Quality control across distributed manufacturing is hard — a crown that doesn't fit means a remake, an unhappy patient, and a dentist who might switch back to their old lab. Competition from established digital players like Align Technology and legacy lab companies investing in their own digital capabilities.
The dental industry is fragmented — 200,000+ practices in the US, mostly small businesses, which means enterprise-style sales don't work. Each practice is its own decision maker with its own habits.
THE PRODUCTS
Headway
Headway Provider Platform — the core system where therapists manage their practice: scheduling, credentialing, claims submission, payment tracking, and patient communications. Headway Patient Matching — a directory and matching service that connects patients with in-network therapists based on insurance, location, specialty, and availability.
Insurance Credentialing Service — Headway handles the months-long process of getting therapists accepted into insurance networks, reducing what typically takes 6-12 months to weeks. Claims and Billing Engine — automated insurance claims submission and tracking that eliminates the paperwork therapists dread.
Practice Management Tools — scheduling, intake forms, session notes, and telehealth capabilities integrated into one platform.
Dandy
Dandy Scanner — provided to dental practices, captures a full 3D digital impression of the patient's mouth in minutes.
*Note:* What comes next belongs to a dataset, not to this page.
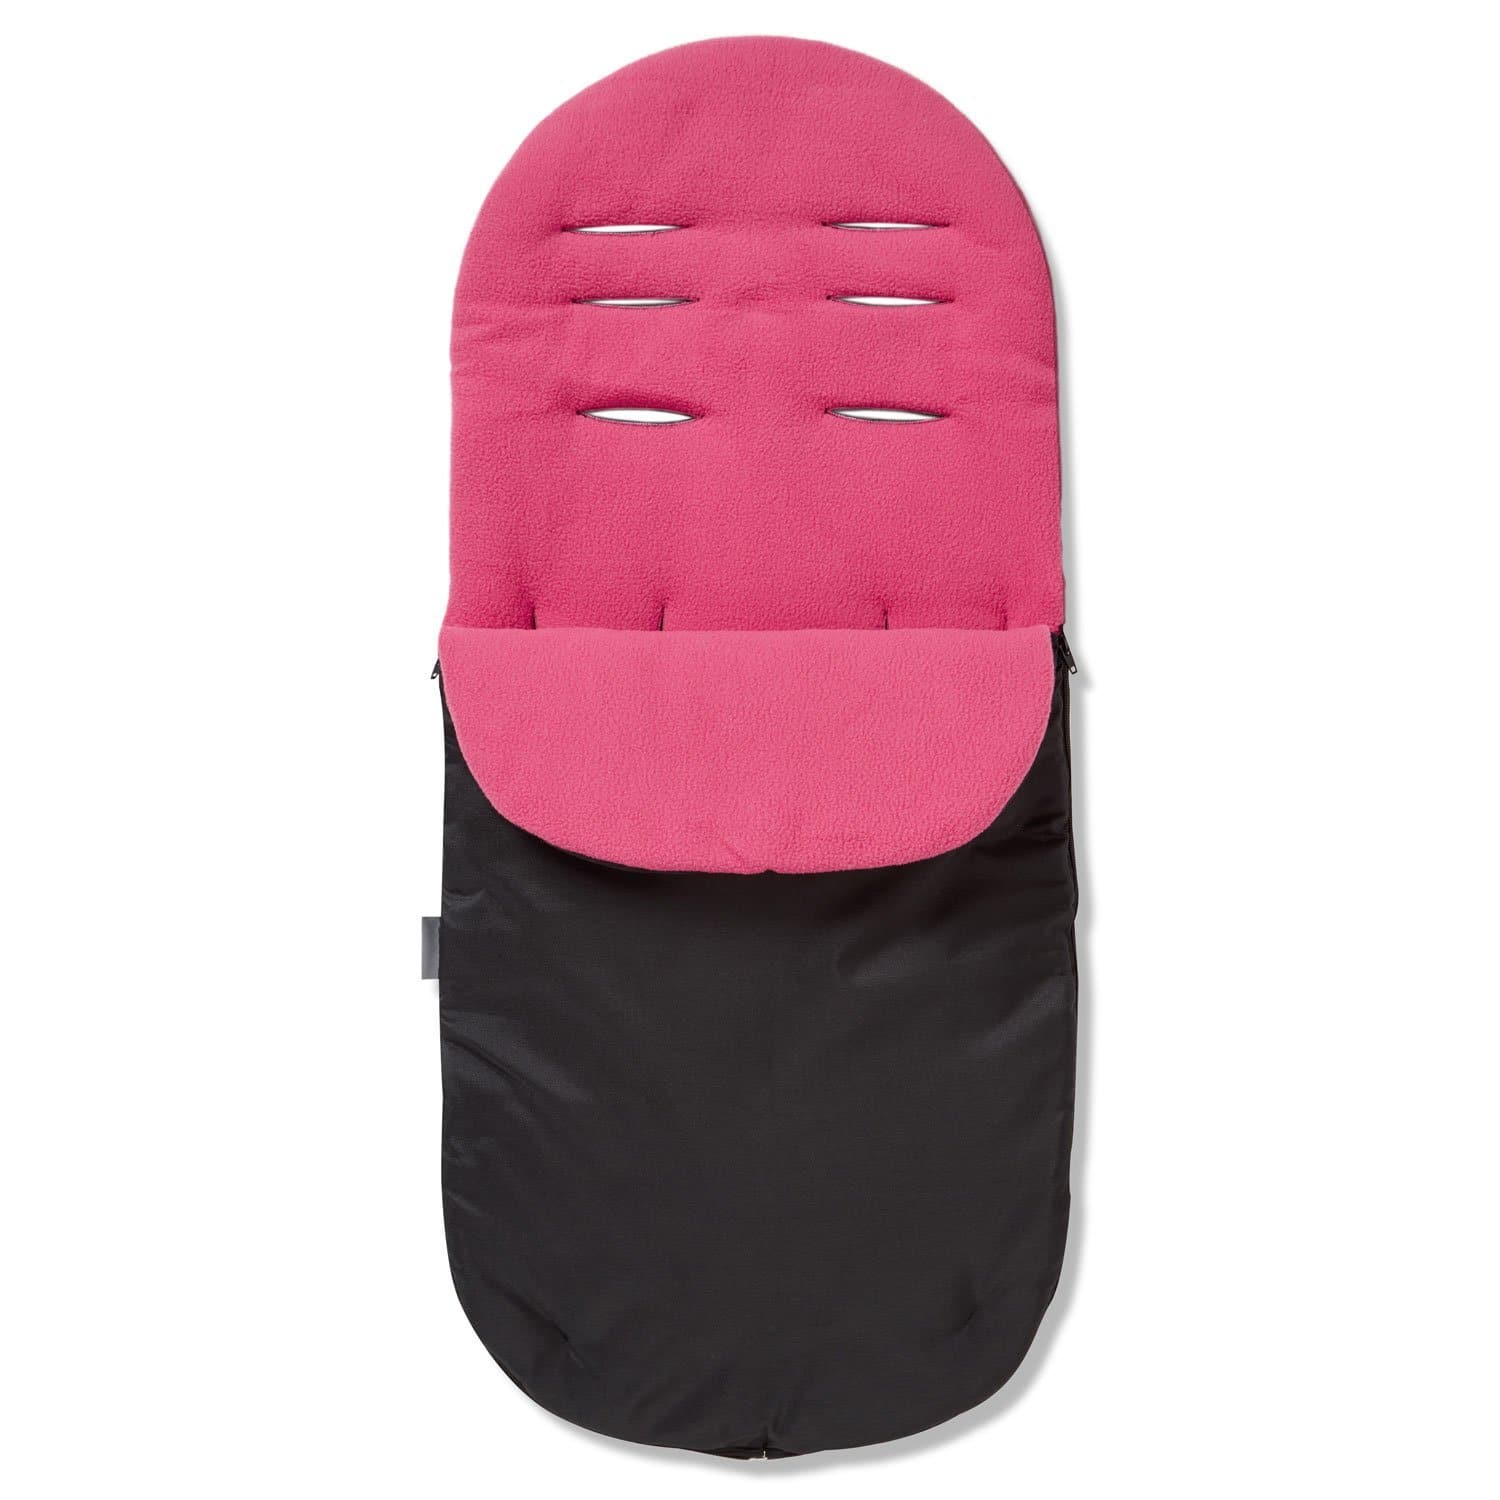 Footmuff / Cosy Toes Compatible with Tippitoes - Dark Pink / Fits All Models | For Your Little One

No more putty molds.
Cloud-based case management platform where dentists submit scans, approve designs, and track orders. AI-powered restoration design that generates crown and veneer designs automatically from 3D scans, reducing turnaround from weeks to days.
Digital dental lab network with automated CNC milling and 3D printing for manufacturing restorations. Shade matching technology using AI to color-match restorations to surrounding teeth.
Integration with practice management software so cases flow seamlessly from scan to delivery.
WHO BACKED THEM
Headway
Andreessen Horowitz led the Series C at a $2.3 billion valuation. Accel and Thrive Capital invested in earlier rounds.
GV (Google Ventures) and Spark Capital also participated. The company has raised approximately $226 million total.
Dandy
Investors include Bessemer Venture Partners, IVP, DST Global, and IA Ventures. Series C in 2023 valued the company at approximately $1.8 billion.